PENN Entertainment has received varied analyst ratings, resulting in a slightly increased average price target of $22.33. While the company exhibits strong profitability with an exceptional 6.68% net margin and a 3.83% Return on Equity, and maintains a healthy debt-to-equity ratio, its 4.08% revenue growth trails industry peers and Return on Assets remains below average. Despite a smaller market capitalization, PENN's strategic focus on digital wagering through its ESPN partnership and theScore is critical for future growth, presenting a mixed financial and operational outlook.

Analysis

Analyst sentiment on PENN Entertainment is mixed but leans cautiously positive, with six of nine analysts holding a Bullish or Somewhat Bullish rating. This consensus has resulted in a stable average 12-month price target of $22.33, a marginal 0.18% increase, despite a flurry of recent adjustments including four price target reductions and three increases.
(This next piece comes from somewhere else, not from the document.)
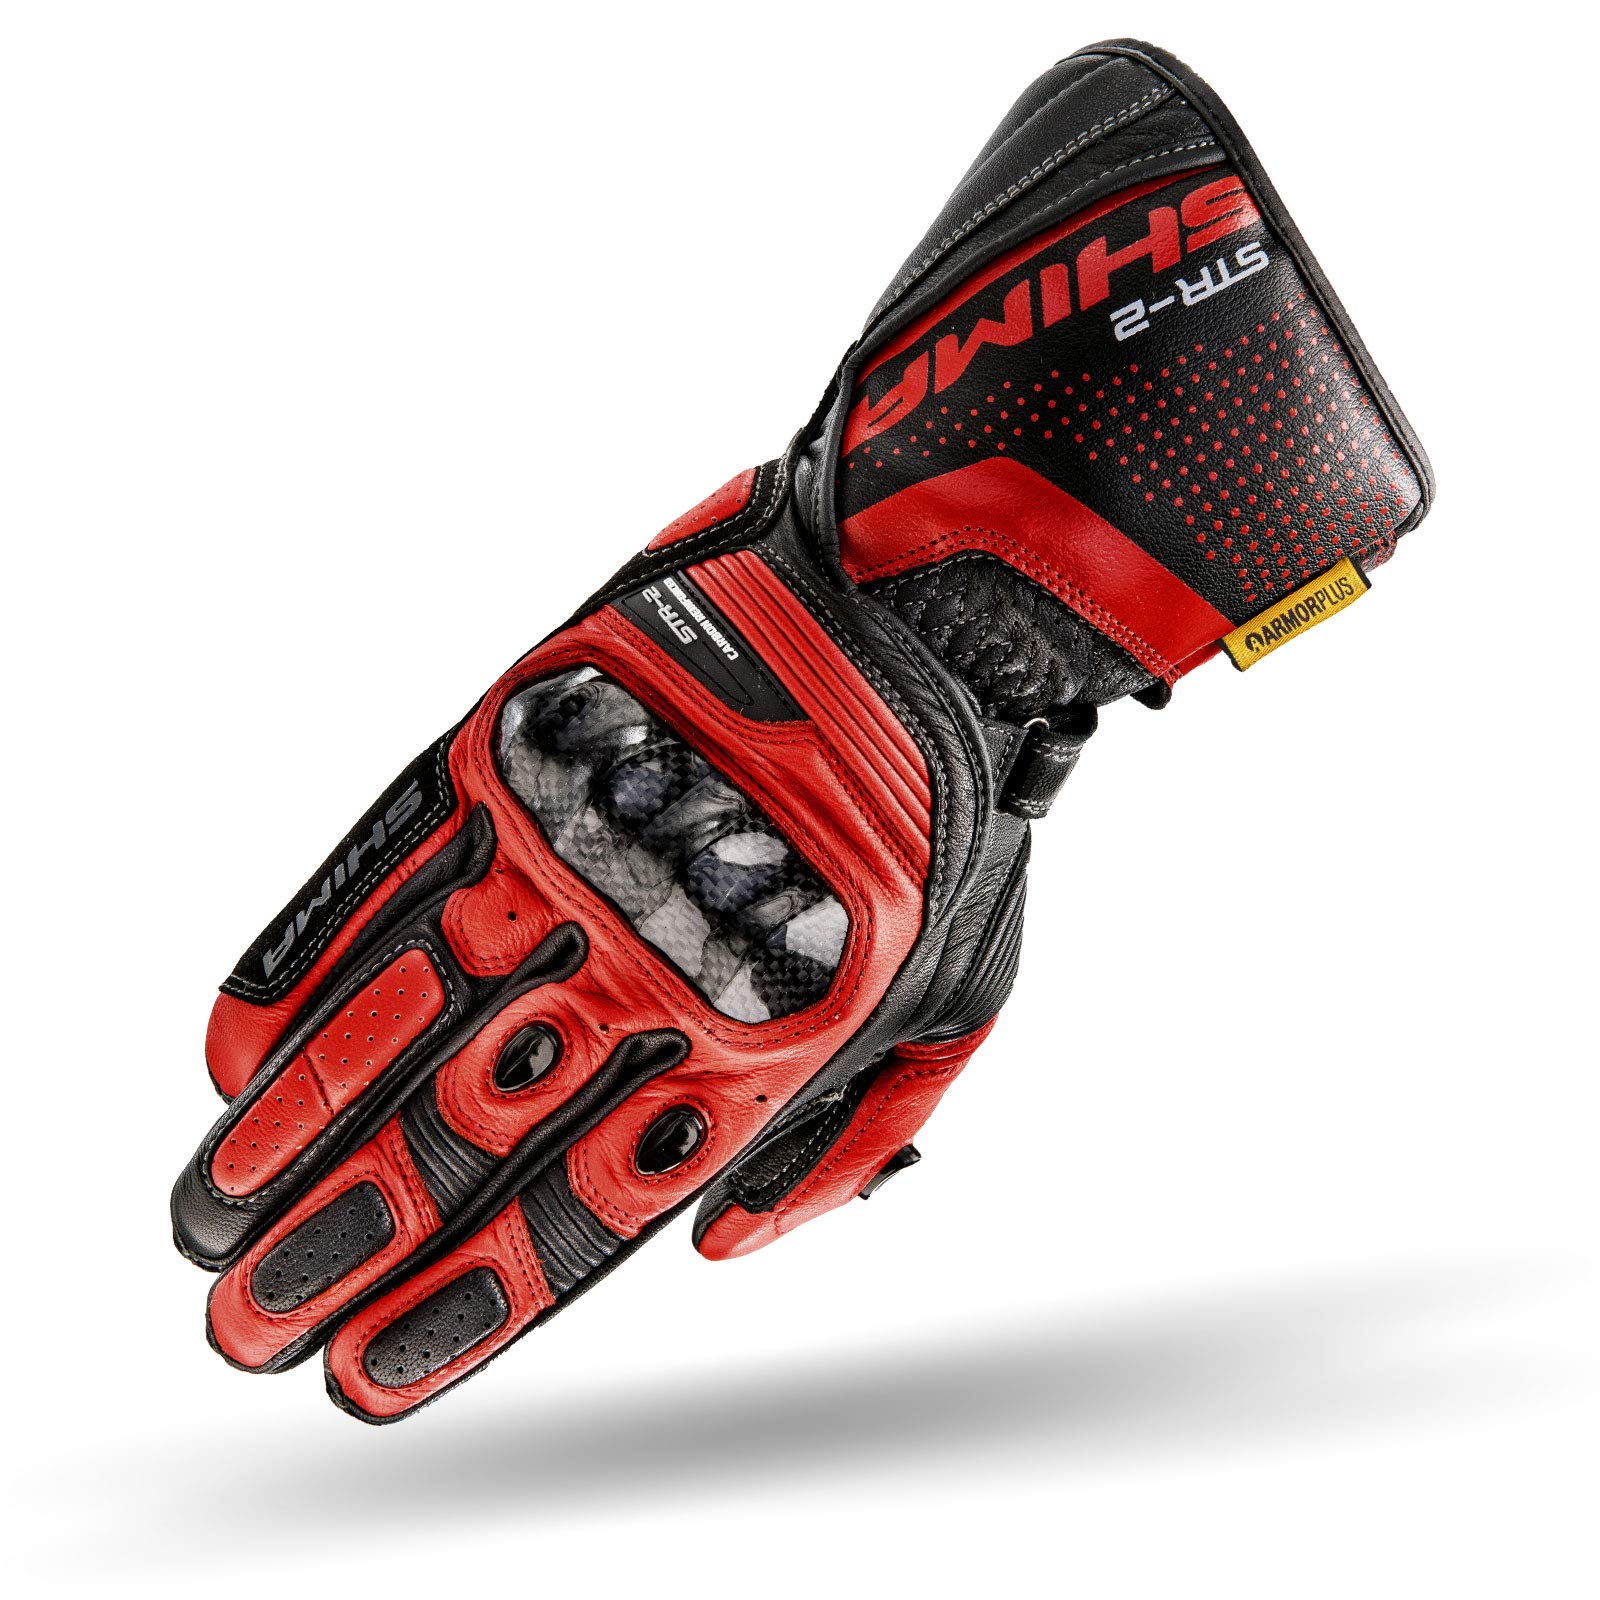 SHIMA STR-2 Motorradhandschuhe Herren - Touchscreen, Sommer, Sport Leder Handschuhe mit Carbon Knöchelprotektor, Handflächen- und Fingerschieber, Verstärkte Handfläche (Schwarz/Rot, S)

The company's financial profile presents a distinct dichotomy: while it demonstrates exceptional profitability and cost management, reflected in a 6.68% net margin and a 3.83% Return on Equity (ROE) that both exceed industry averages, its top-line growth is a point of concern. The reported revenue growth of 4.08% as of March 31, 2025, lags its peers in the Consumer Discretionary sector. Furthermore, a below-average Return on Assets (ROA) of 0.74% suggests potential challenges in efficiently generating profit from its asset base. PENN's balance sheet appears healthy with a debt-to-equity ratio of 3.7, which is below the industry norm. The strategic narrative is centered on its interactive segment, which currently comprises 15% of sales and is positioned as the primary growth engine through its partnership with ESPN and ownership of theScore, intended to offset slower growth in its core land-based casino operations.